* [EXERCISE PROMPT]:
Below, find the line containing "This Gospel, by"; from there to the final line, print every line exactly and skip the pictures.

* [EXERCISE DATA]:
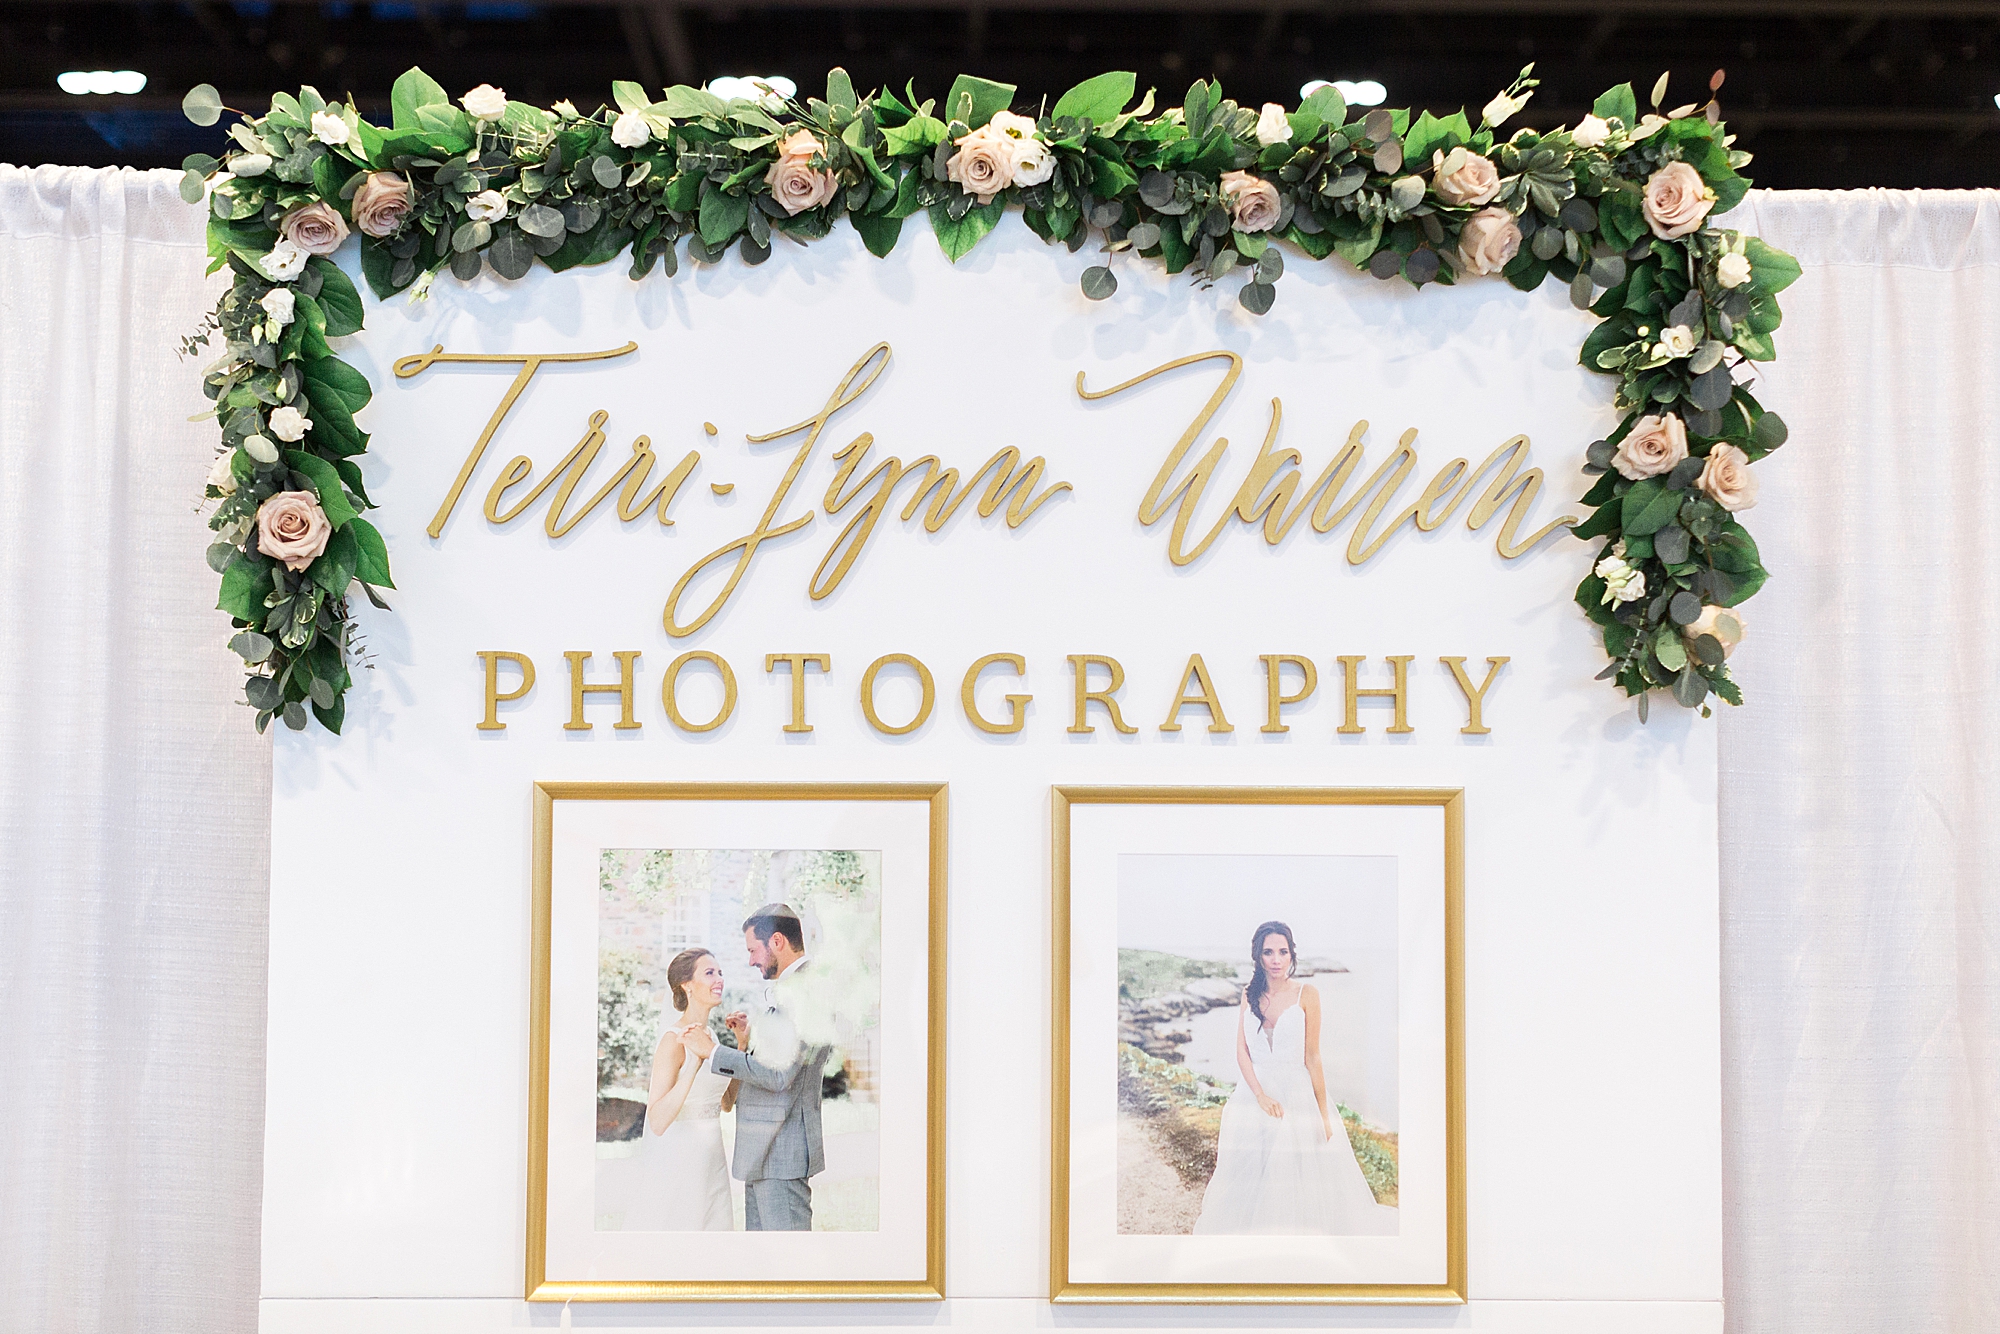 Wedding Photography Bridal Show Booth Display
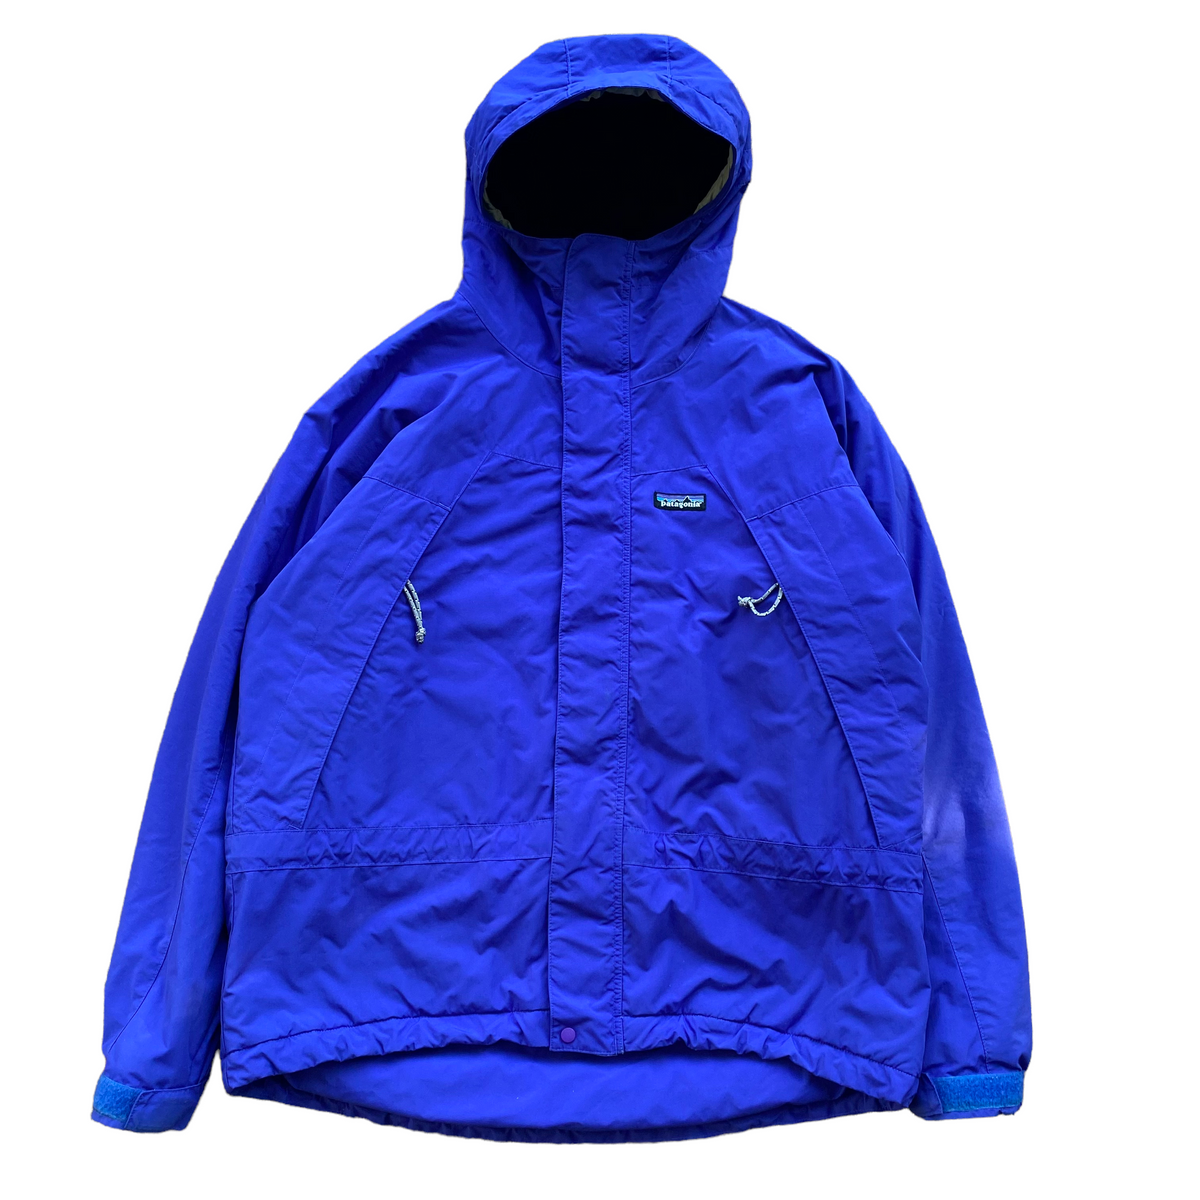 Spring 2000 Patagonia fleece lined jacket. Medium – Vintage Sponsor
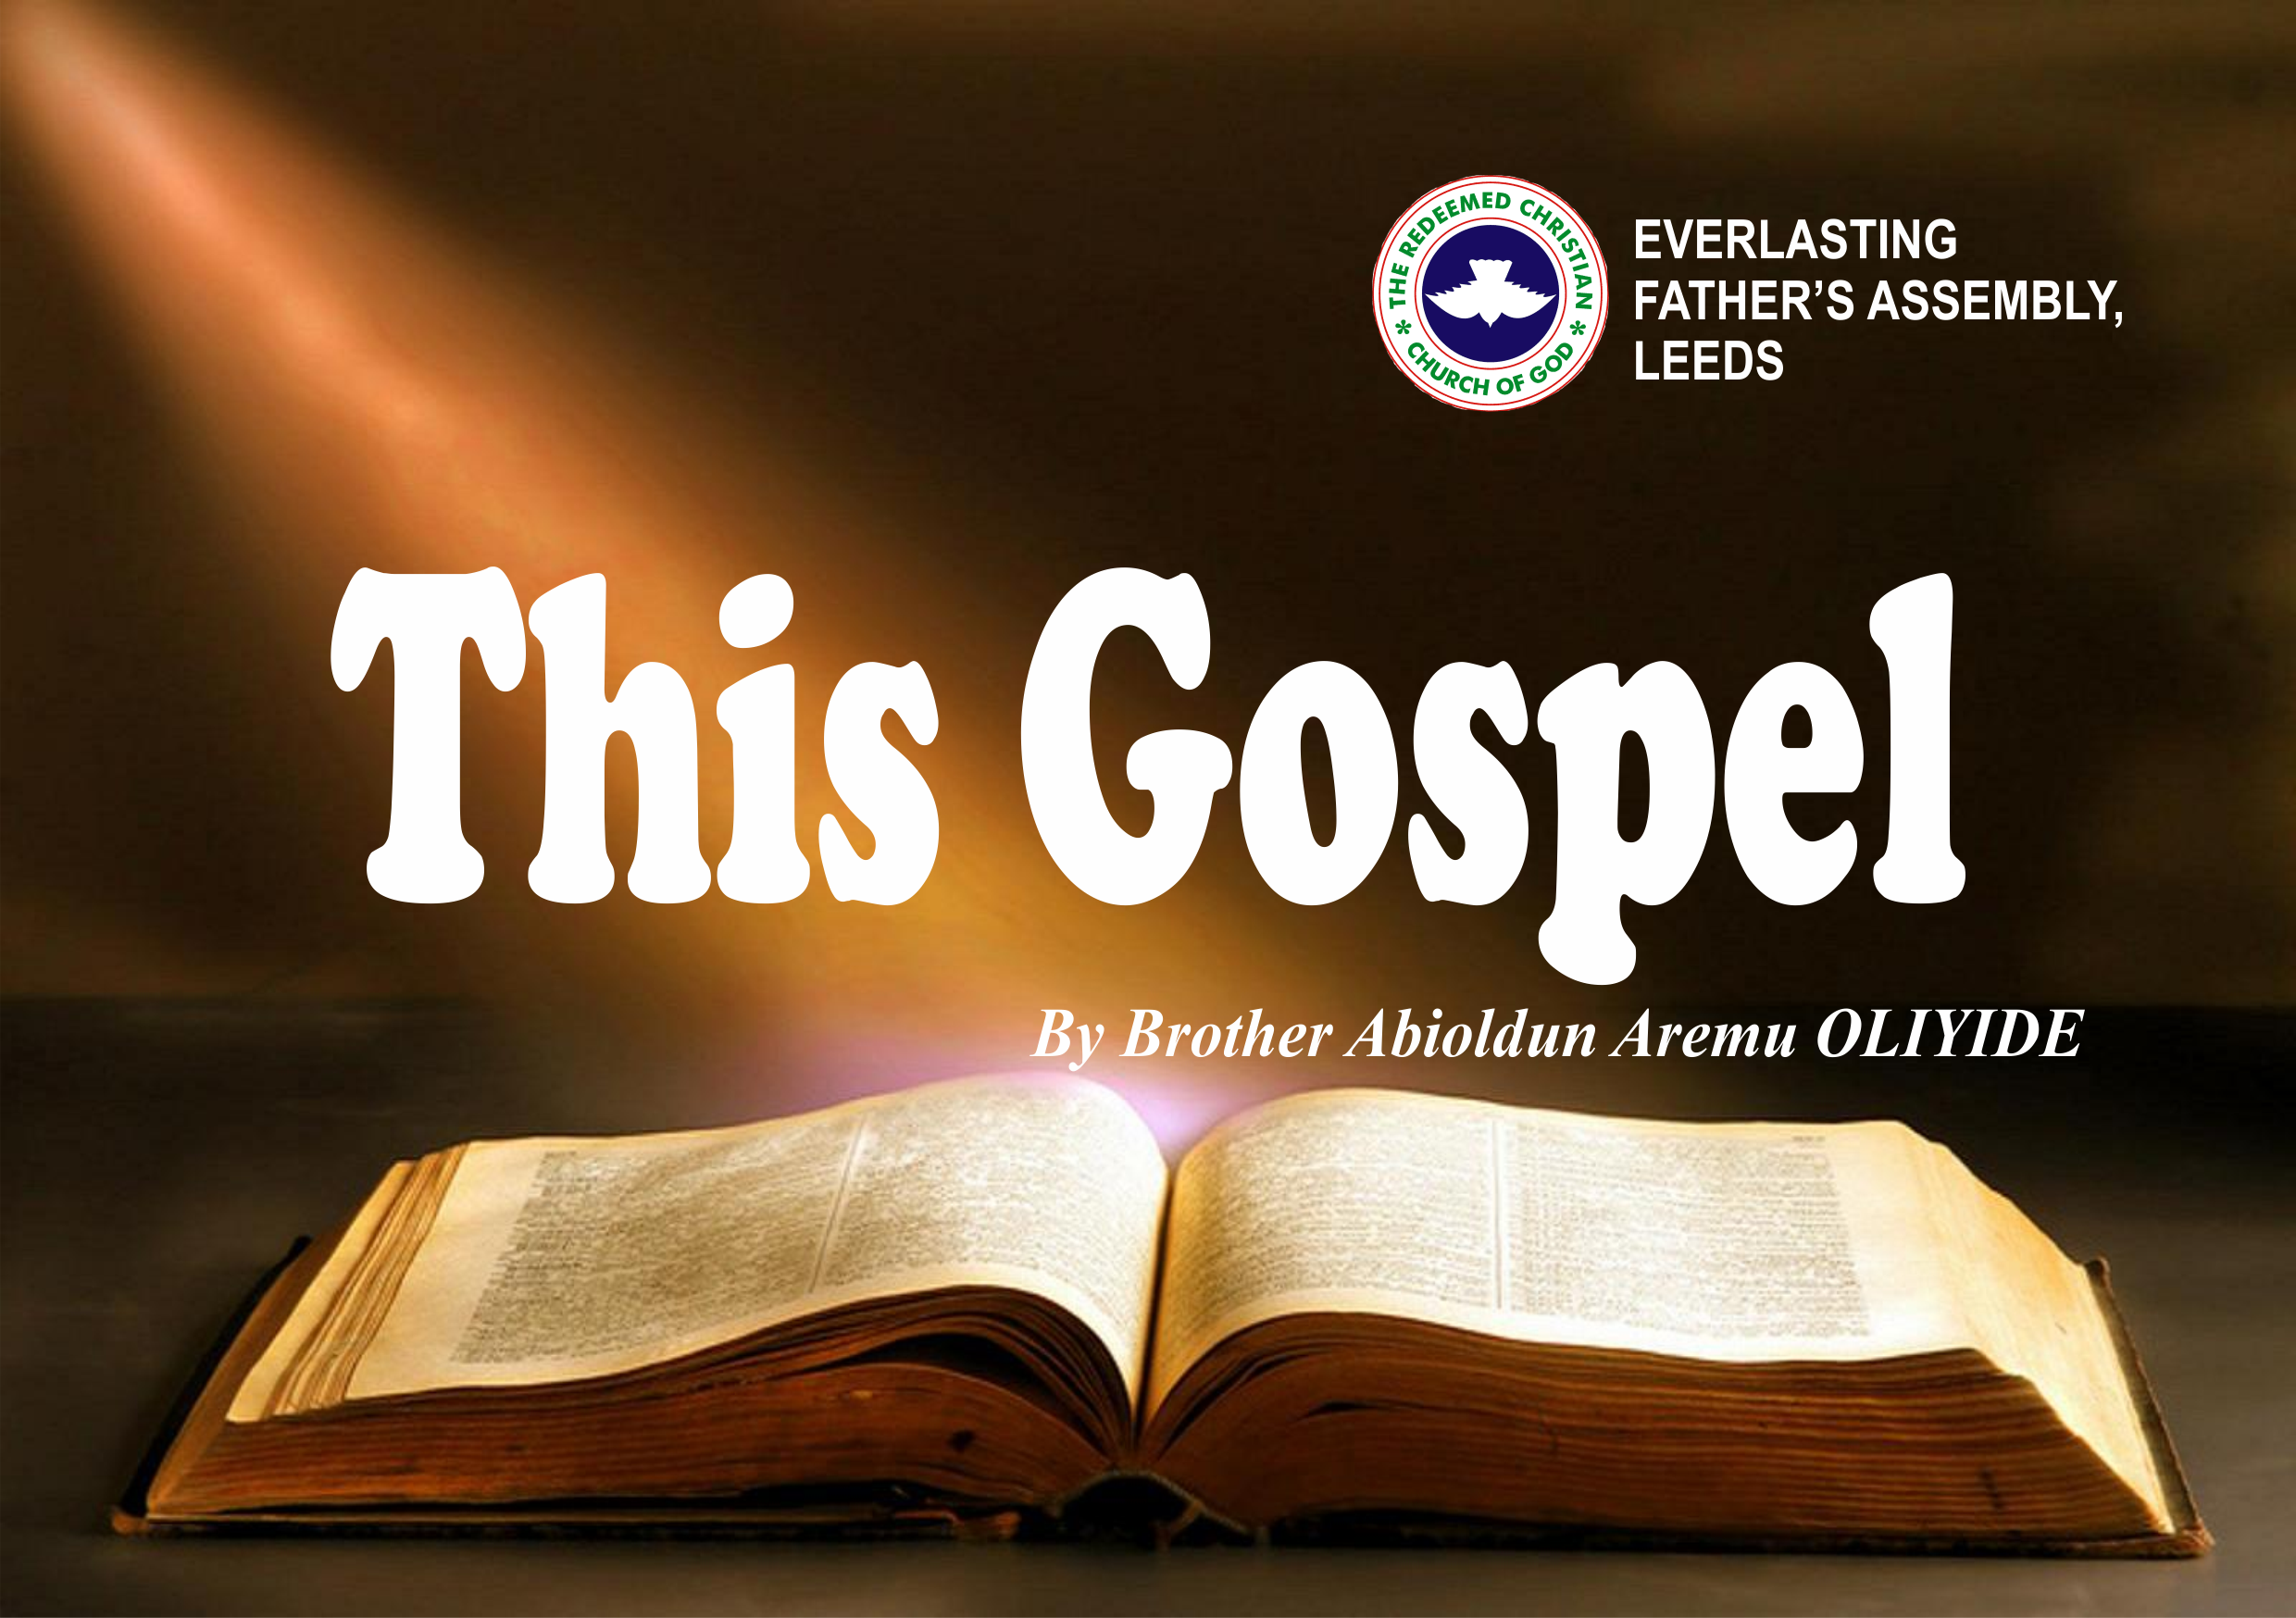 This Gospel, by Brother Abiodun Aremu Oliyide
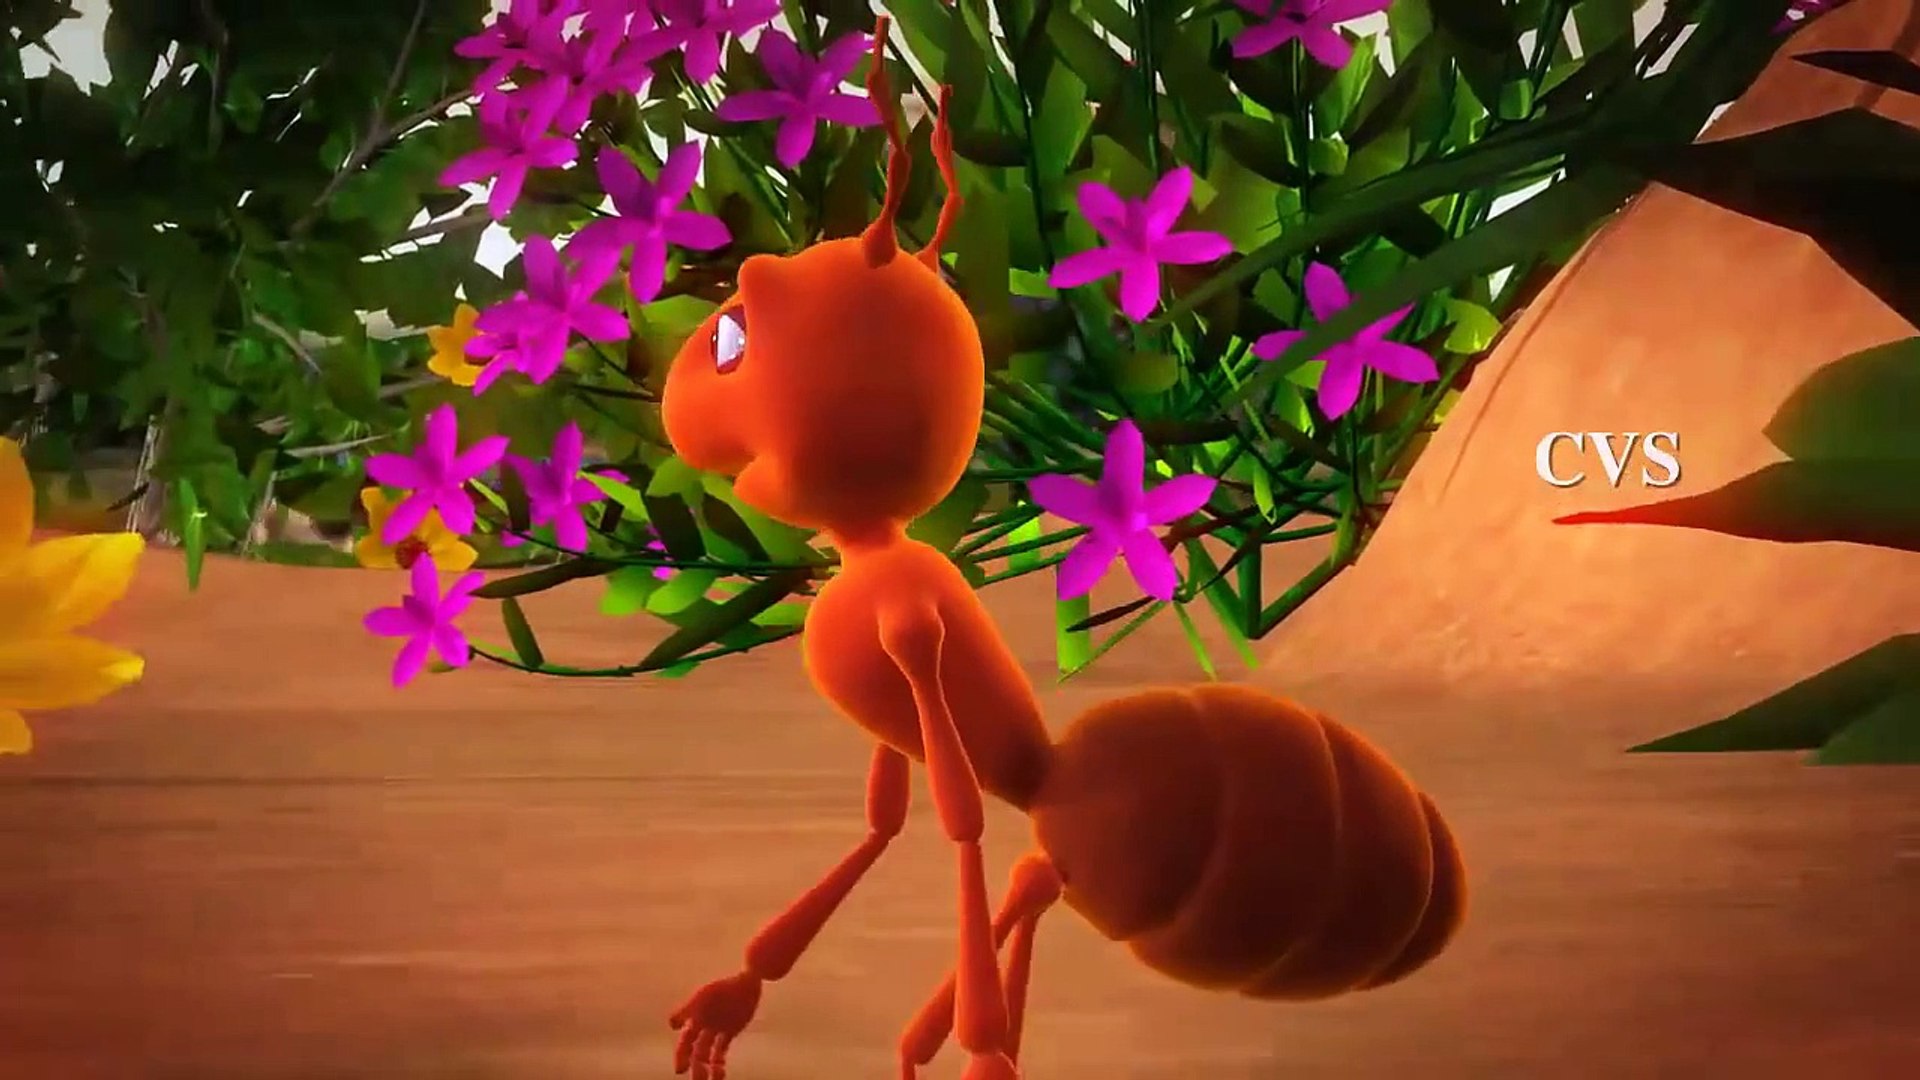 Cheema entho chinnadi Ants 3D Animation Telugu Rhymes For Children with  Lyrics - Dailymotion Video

* [RESPONSE BOX]:
 This Gospel, by Brother Abiodun Aremu Oliyide
 Cheema entho chinnadi Ants 3D Animation Telugu Rhymes For Children with  Lyrics - Dailymotion Video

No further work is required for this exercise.